INSTRUCTIONS TO FOLLOW:
Print only the lines from the one with "Bronzefigur Afrikanerin von Vitali Safronov" through the end of the data, exactly, and please omit pictures.

DATA BLOCK:
* * * * *

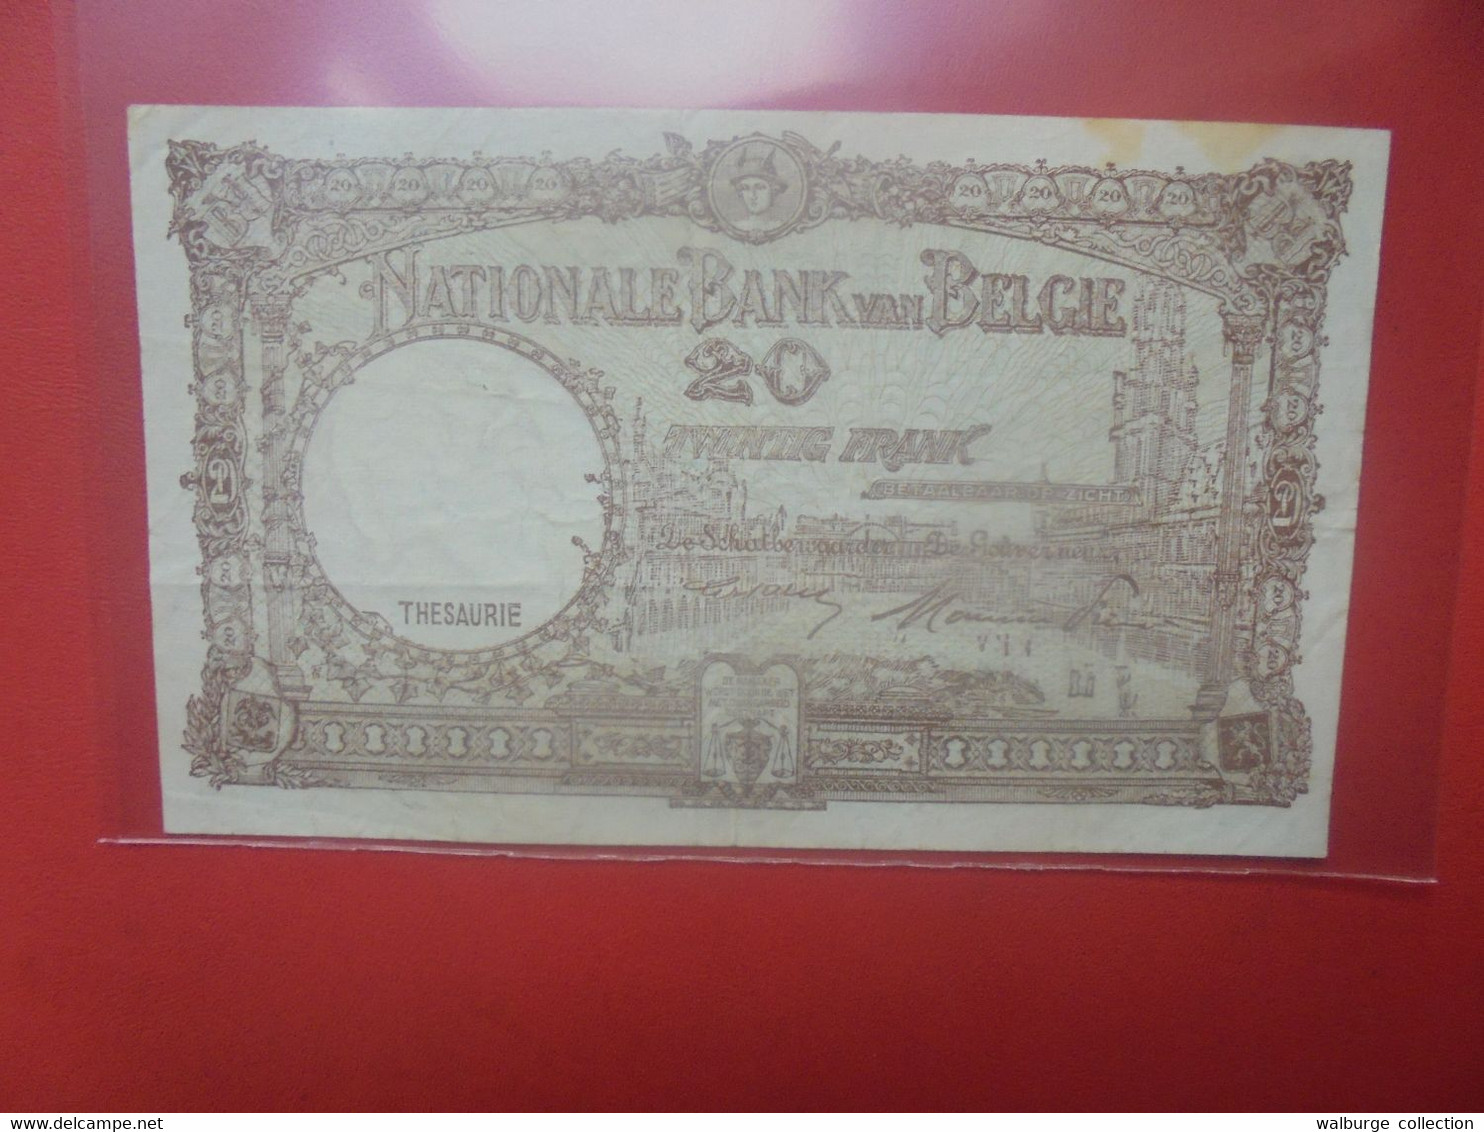 BELGIQUE 20 Francs 1-9-48 Circuler (B.18) - 20 Francos
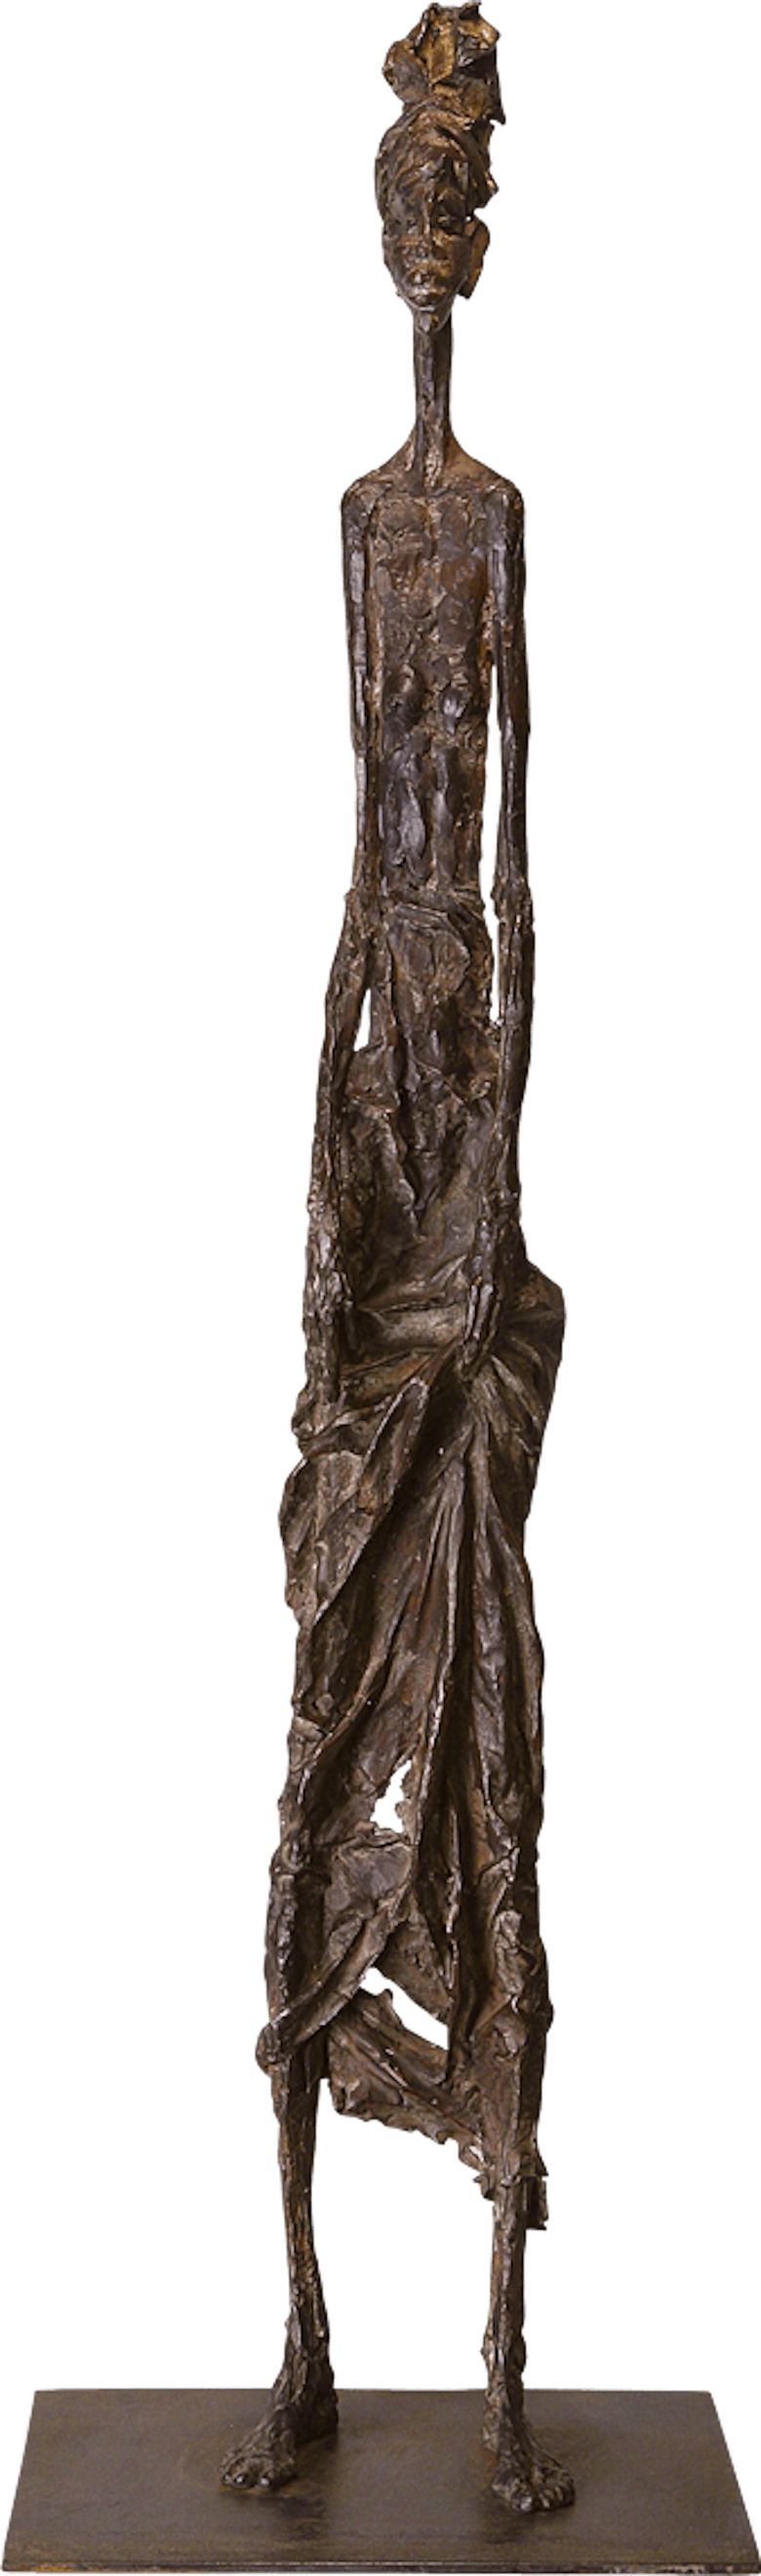 Bronzefigur Afrikanerin von Vitali Safronov
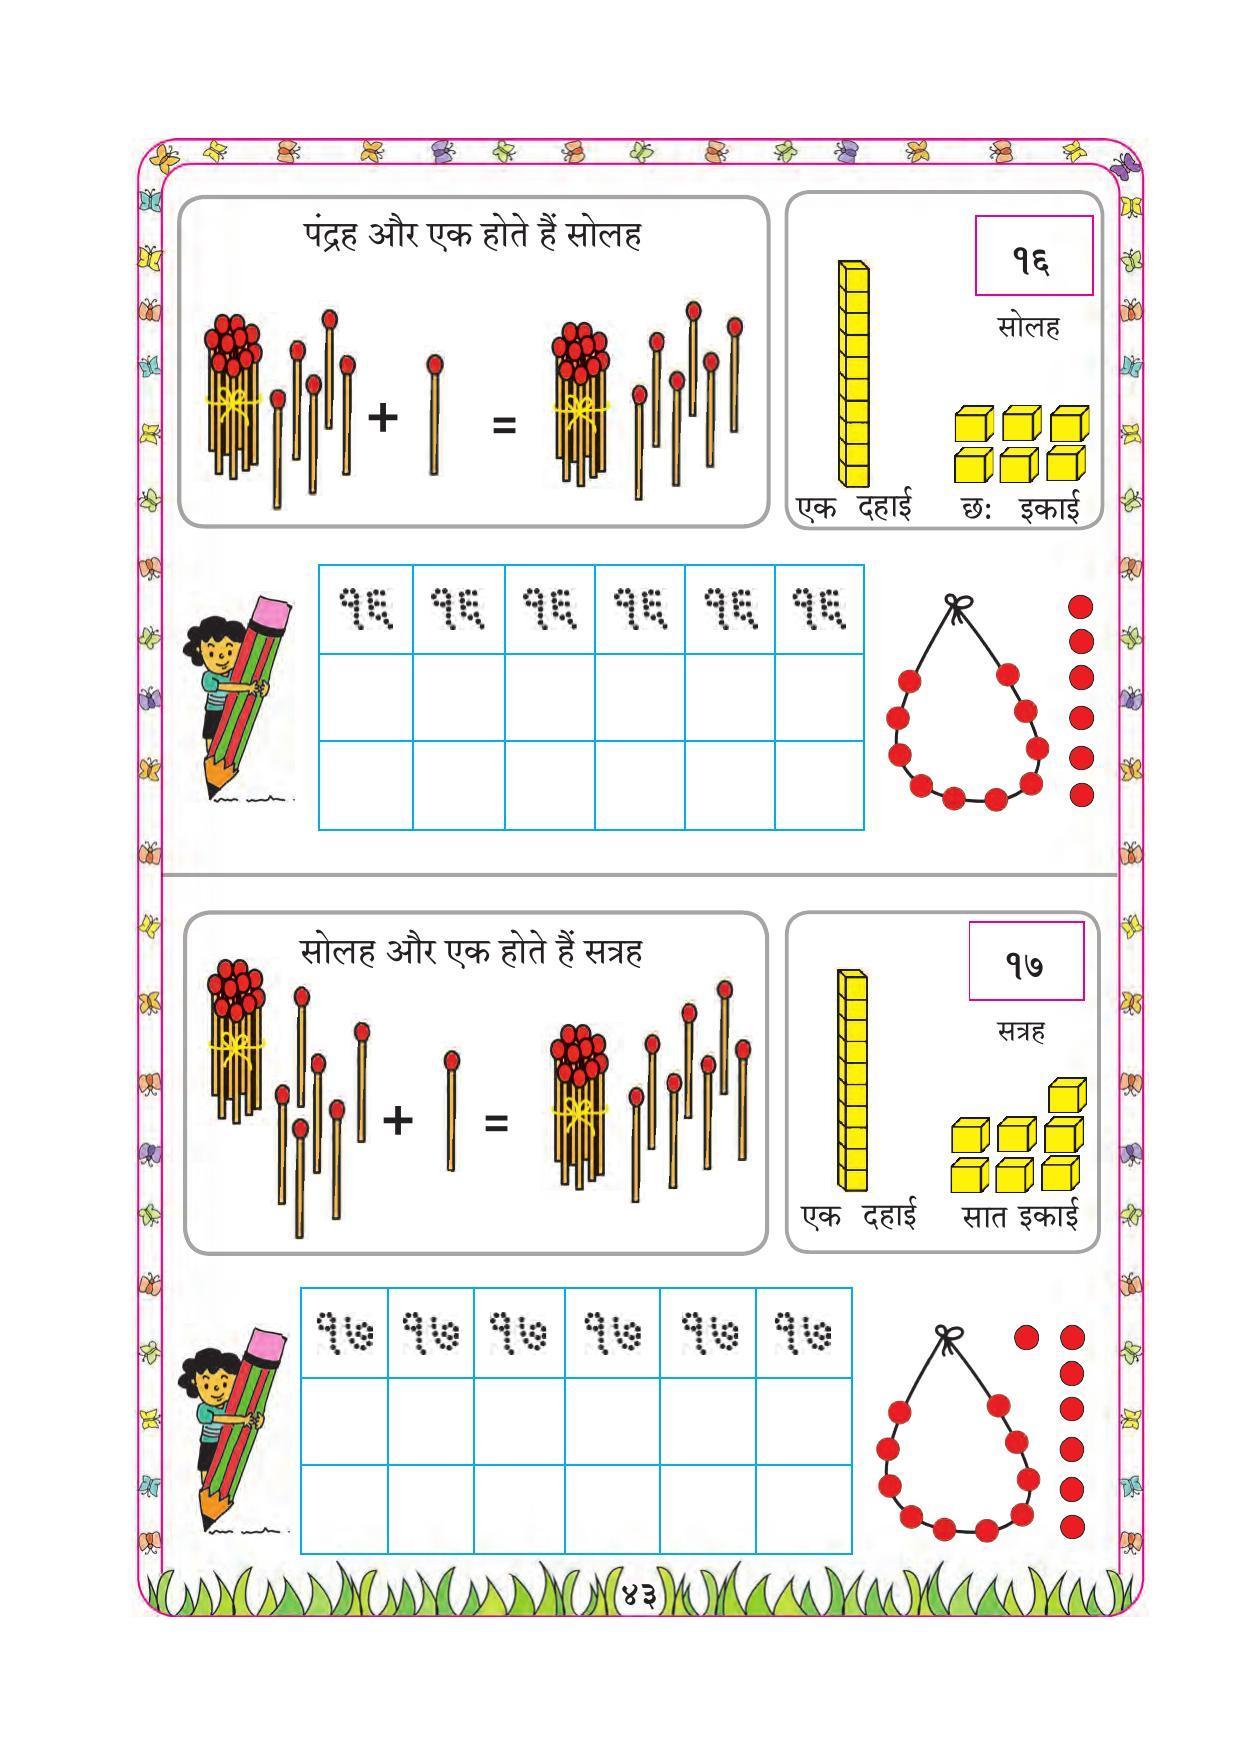 Maharashtra Board Class 1 Maths (Hindi Medium) Textbook - Page 53

* * * * *

YOUR SOLUTION:
 Bronzefigur Afrikanerin von Vitali Safronov
 Maharashtra Board Class 1 Maths (Hindi Medium) Textbook - Page 53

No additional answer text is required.